Personal information
- Full name: Craig Robert Stadler
- Nickname: The Walrus
- Born: June 2, 1953 (age 73) San Diego, California, U.S.
- Height: 5 ft 10 in (1.78 m)
- Weight: 250 lb (110 kg; 18 st)
- Sporting nationality: United States
- Residence: Evergreen, Colorado, U.S.
- Spouse: Jan Zumbrunnen
- Children: 2, including Kevin

Career
- College: University of Southern California
- Turned professional: 1976
- Former tours: PGA Tour Champions Tour
- Professional wins: 30
- Highest ranking: 19 (February 2, 1992)

Number of wins by tour
- PGA Tour: 13
- European Tour: 3
- Japan Golf Tour: 1
- PGA Tour Champions: 9
- Other: 5

Best results in major championships (wins: 1)
- Masters Tournament: Won: 1982
- PGA Championship: 6th: 1978
- U.S. Open: T8: 1990
- The Open Championship: T6: 1980

Achievements and awards
- PGA Tour money list winner: 1982
- Champions Tour Rookie of the Year: 2003
- Champions Tour money list winner: 2004
- Champions Tour Player of the Year: 2004
- Champions Tour Byron Nelson Award: 2004

Signature

= Craig Stadler =

American professional golfer (born 1953)

Craig Robert Stadler (born June 2, 1953) is an American professional golfer who has won numerous tournaments at both the PGA Tour and Champions Tour level, including one major championship, the 1982 Masters Tournament.

==Early life==
Stadler was born in San Diego, California. His father introduced him to golf at age four, and he displayed a talent for golf early in life. Stadler attended La Jolla High School.

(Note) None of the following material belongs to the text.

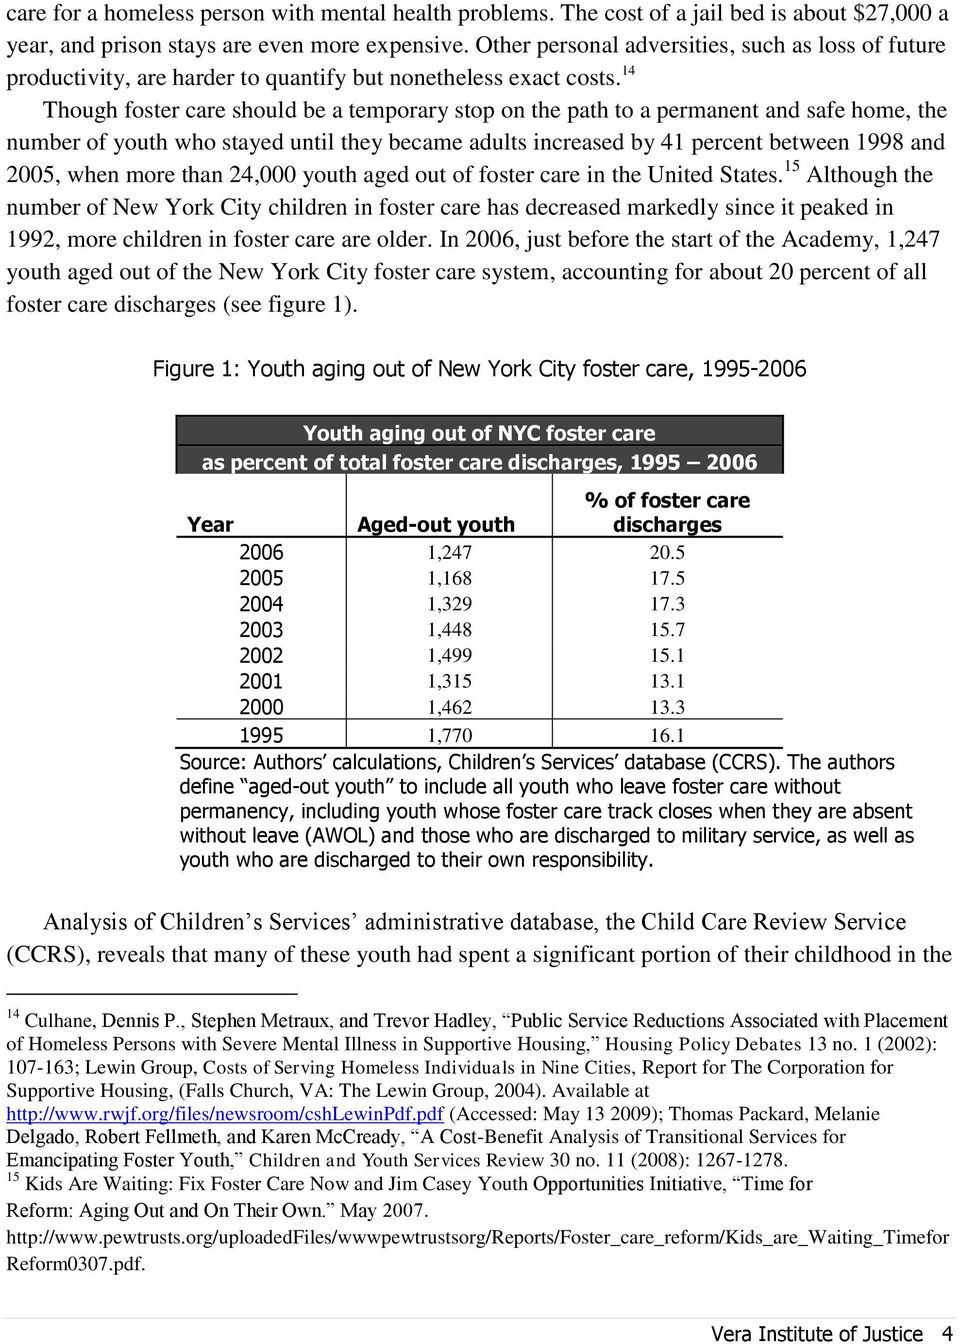 14 Though foster care should be a temporary stop on the path to a permanent and safe home, the number of youth who stayed until they became adults increased by 41 percent between 1998 and 2005, when

Stadler's brother Gary Stadler is a Billboard-charting recording artist.

== Amateur career ==
Stadler won the 1973 U.S. Amateur, while attending the University of Southern California, where he was a teammate of future PGA Tour winners Mark Pfeil and Scott Simpson. Stadler was an All-American all four years – first-team his sophomore and junior years; second-team his freshman and senior years. Stadler finished college in 1975.

==Professional career==
In 1976, Stadler turned professional. He won his first two PGA Tour events in 1980, at the Bob Hope Desert Classic and the Greater Greensboro Open. His career year was 1982 when he won four PGA Tour events including the Masters Tournament after a playoff with Dan Pohl and the World Series of Golf at the end of the year. Stadler won the money list for the only time. His next win was at the 1984 Byron Nelson Classic.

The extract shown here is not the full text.